De nuevo, al día siguiente, Juan y dos de sus discípulos estaban de pie: (36) Y mirando a Jesús mientras caminaba, dijo: ¡He aquí el Cordero de Dios! (37) Y los dos discípulos le oyeron hablar. Y siguieron a Jesús. (38) Entonces Jesús se volvió y, al verlos que lo seguían, les dijo: ¿Qué buscáis? Le dijeron: Rabí, (es decir, interpretado, ¿Maestro?), ¿Dónde moras? (39) Les dijo: Venid y ved.

Fueron y vieron dónde vivía, y se quedaron con él ese día; porque era alrededor de la hora décima. (40) Uno de los dos que oyeron hablar a Juan y lo siguieron, fue Andrés, hermano de Simón Pedro. (41) Primero encuentra a su propio hermano Simón, y le dice: Hemos hallado al Mesías, que es, interpretado, el Cristo. (42) Y lo trajo a Jesús, y cuando Jesús lo miró, dijo: Tú eres Simón, hijo de Jonás; te llamarán Cefas, que significa piedra.

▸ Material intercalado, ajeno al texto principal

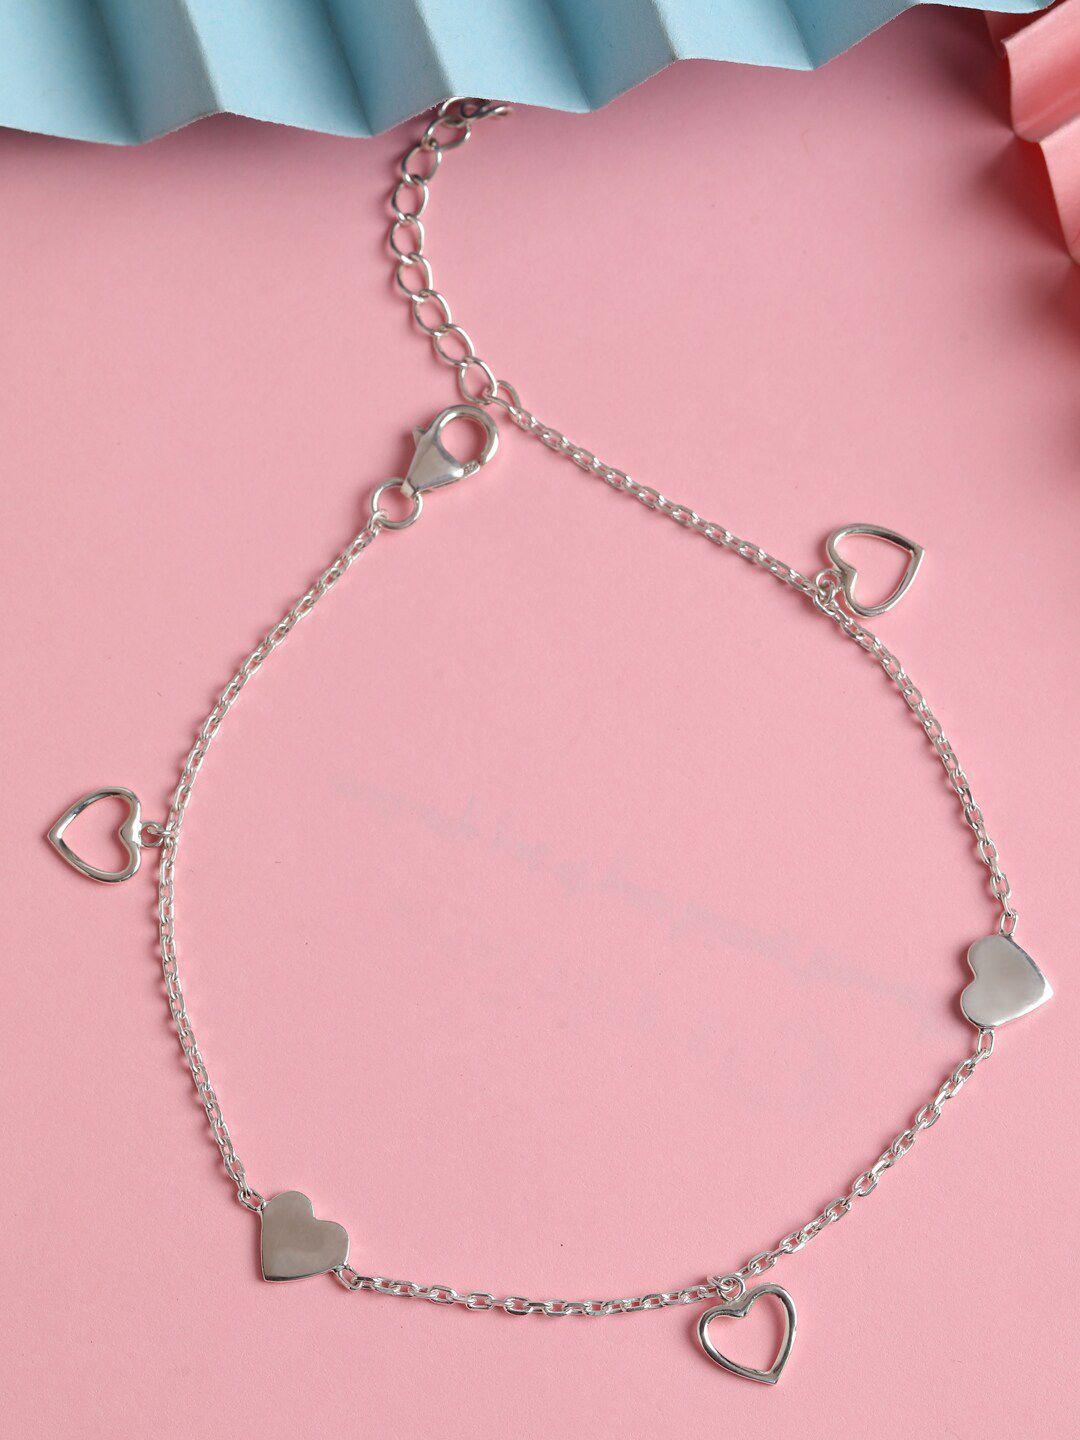 clara women 92.5 sterling silver-plated heart-charm anklet

No pretendo hablar decididamente sobre el tema, pero confieso que me inclino a pensar que estas palabras de Juan, y la mirada seria que dirigió al Señor Jesús, como dijo, ¡he aquí el Cordero de Dios! fueron comisionados con un poder peculiar a las mentes de estos dos discípulos. Se supone que Juan, el escritor de este evangelio, fue uno de los dos. Pero no se dice. Sin embargo, se nos dice que siguieron a Jesús.

Algo, es cierto, les llamó la atención. La amable invitación de Cristo, la seriedad de Andrés por encontrar a su hermano y el gran gozo que expresó al haber encontrado al Cristo: el primer discurso de nuestro Señor a Pedro, y todo lo que siguió, forman un tema muy interesante para nuestra meditación. Pero no debo traspasar.